At the end of that period, a widow who has not remarried or is not eligible for group insurance other than Medicare, or a dependent child without other group insurance, may continue coverage as long as the monthly fee required by the Board of Trustees is paid. That fee is subject to change.

What happens if I divorce and remarry?

If the participant has divorced and remarried, the Fund Office will require copies of the Final Decree of Divorce and the certified copy of the Certificate of Marriage to the new spouse, as well as a new Health & Welfare Enrollment Form. Benefits on behalf of a new spouse or step-children will not be available until these documents have been submitted to the Fund Office.

Is retiree health and welfare coverage automatic?

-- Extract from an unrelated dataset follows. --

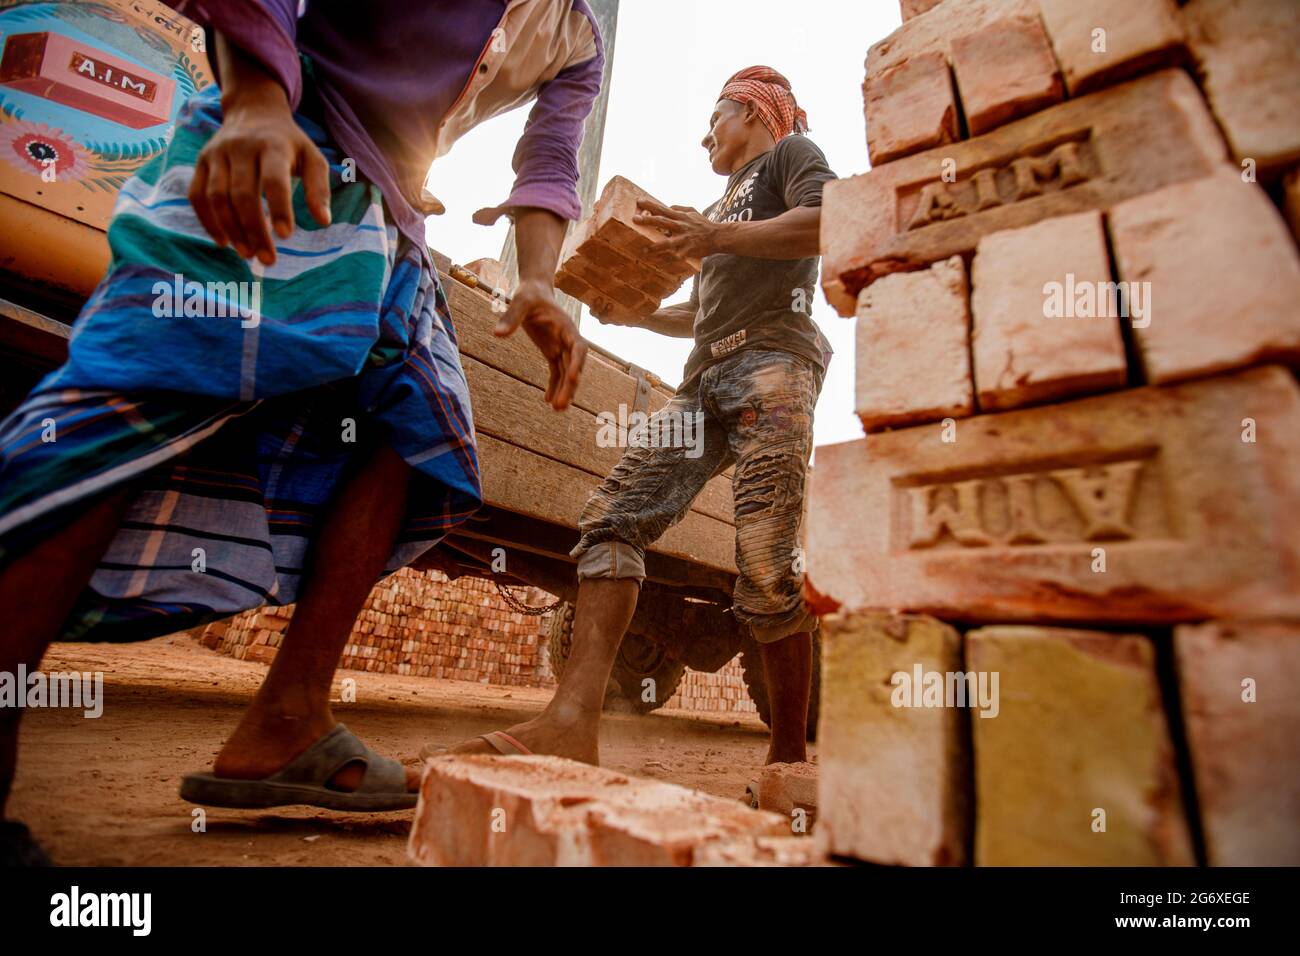 Les employés des fours à briques d'Ahulia empilent des briques fraîchement fabriquées sur des camions pour les expédier vers des sites de construction à Dhaka.en raison de la forte demande de matériaux de construction bon marché, la fabrication de briques en argile est devenue une industrie florissante au Bangladesh, avec des fours de fabrication fortement concentrés dans les périphéries de grandes villes. Ces sites de fabrication, connus sous le nom de brickfields, fonctionnent à l'aide de technologies vieilles de plusieurs siècles qui expulsent la poussière, les cendres, la fumée noire et d'autres polluants dans l'atmosphère Banque D'Images
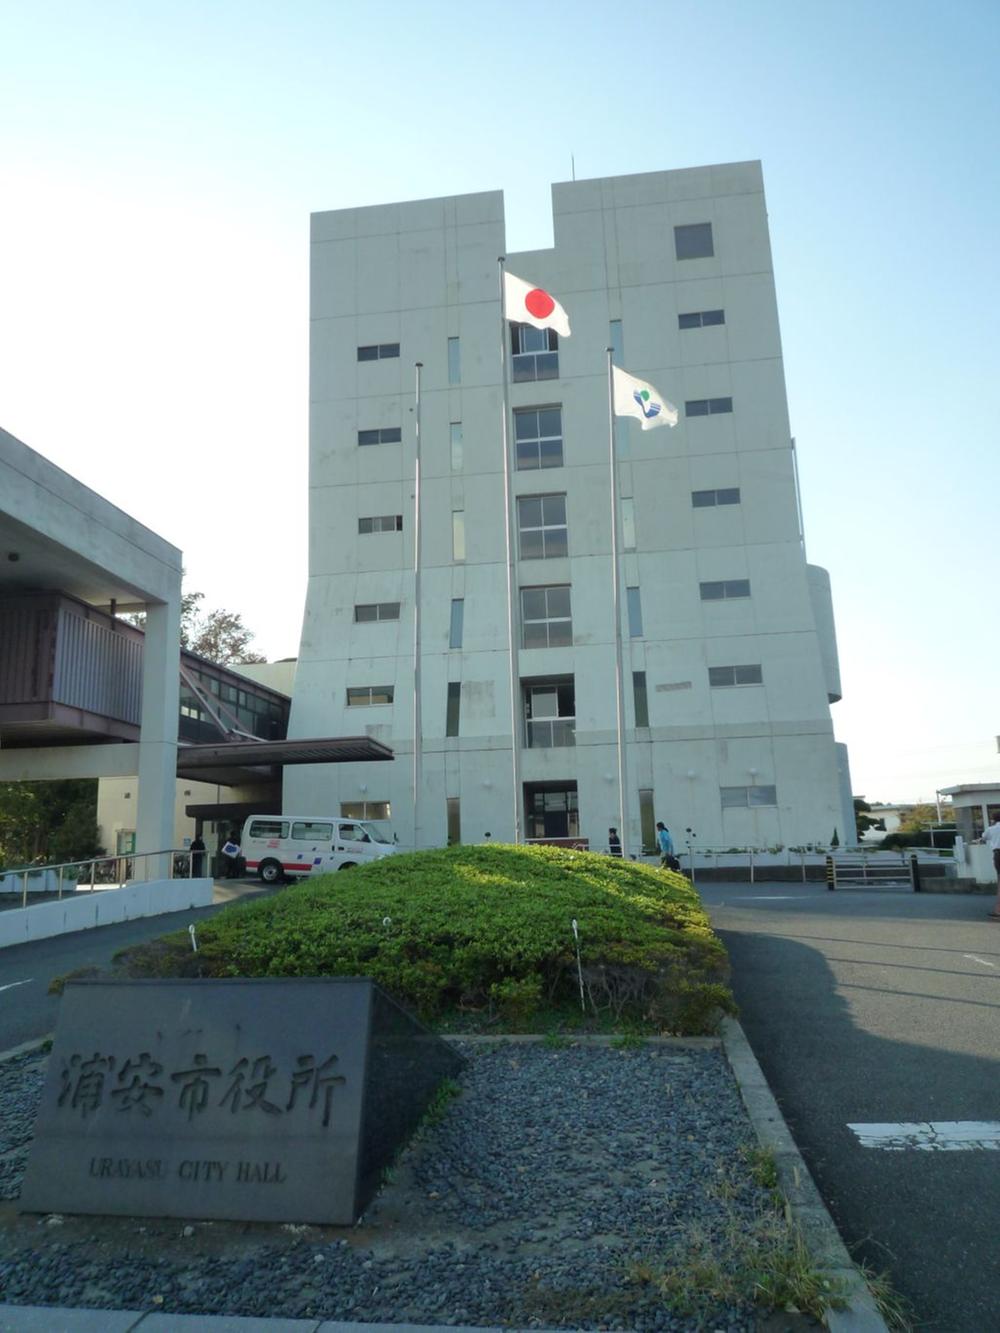 Government office. 553m to Urayasu city hall

No. Retiree Health & Welfare eligibility is based upon employment for employers who made contributions to the Health & Welfare Fund on behalf of an Active participant. Refer to Retiree Eligibility for the complete rules.

Retirees must pay a fee for coverage. The fees are set by the Trustees of the Health & Welfare Fund and are subject to change from time to time.

If, as an Active employee, you worked at the trade for a non-contributing employer, you will have incurred a Separation from Employment and may not qualify for Retiree Health & Welfare coverage.

If I return to covered employment, will I remain eligible on the retiree plan until I regain active eligibility?

Disability Pensioners who return to covered employment are covered for up to five months under the Retiree Plan. However, you must continue your Retiree self-payments during those five months. After that date Retiree eligibility ceases.

Early and Regular Pensioners who return to covered employment are covered until they regain Active eligibility if they enroll in the COBRA Program and make the monthly payment required.

If you are planning to return to covered employment after retirement, you must make arrangements with the Pension Department to maintain eligibility.